- Born: 7 April 1869 Cape Town, Cape Colony
- Died: 19 June 1955 (aged 86) Isle of Wight, Hampshire, England
- Allegiance: United Kingdom
- Branch: Highland Light Infantry
- Rank: Lieutenant-Colonel
- Conflicts: Second Boer War First World War
- Awards: Companion of the Order of St Michael and St George
- Other work: Deputy Lieutenant of Hampshire

= A.O.L. Kindersley =

British soldier and diplomat

Lieutenant-Colonel Archibald Ogilvie Lyttelton Kindersley, (7 April 1869 – 19 June 1955) was a British soldier and diplomat.

== Biography ==

He was the eldest son of Captain H. W. S. Kindersley, of the 29th and 99th Regiments, of Tranmere, Lymington, and was educated at the Edinburgh Academy.
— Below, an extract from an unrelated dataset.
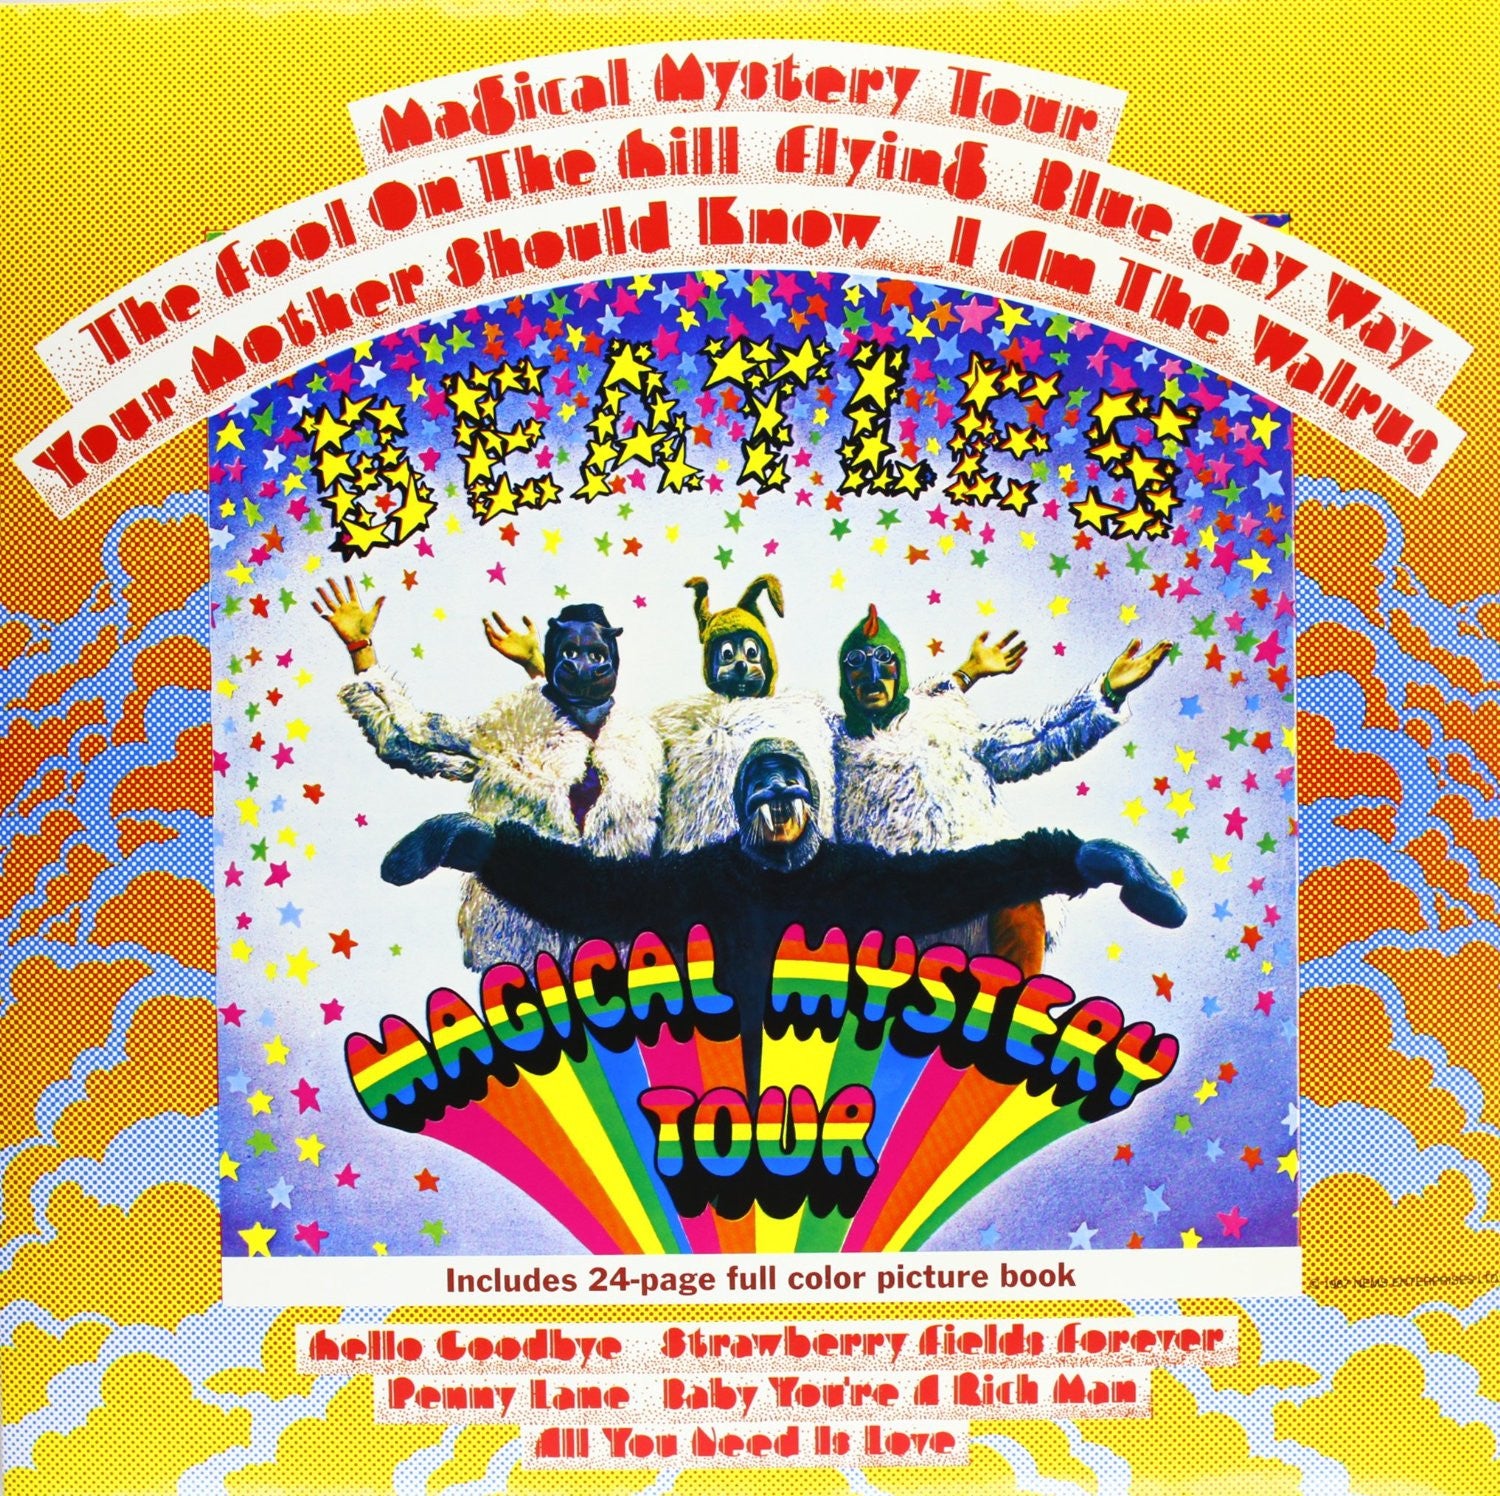 Beatles, The - Magical Mystery Tour

Entering the British Army, Kindersley was promoted to captain on 17 September 1892, and served with the Highland Light Infantry in Niger Coast Protectorate from 1893 to 1896, including the Brass River Expedition of 1895. He was re-commissioned for active service during the Second Boer War, and left Southampton in February 1900 with a battalion of the Scottish Rifles headed for South Africa, where he served as a transport officer. He received the honorary rank of major on 12 April 1902.

Following the end of the war, Kindersley worked as a colonial administrator in South Africa. He was Honorary attaché to the British Embassy in Tokyo from 1911 to 1913. He was recalled to military service in 1914 for World War I, in Salonika Campaign from 1916 to 1919, where he was three times mentioned in dispatches, and awarded the Ordre de l’Etoile noire. He commanded the 1st Garr. Batt. of the Seaforth Highlanders and the 11th (Service) Batt. Cameronians. He was appointed CMG in 1919.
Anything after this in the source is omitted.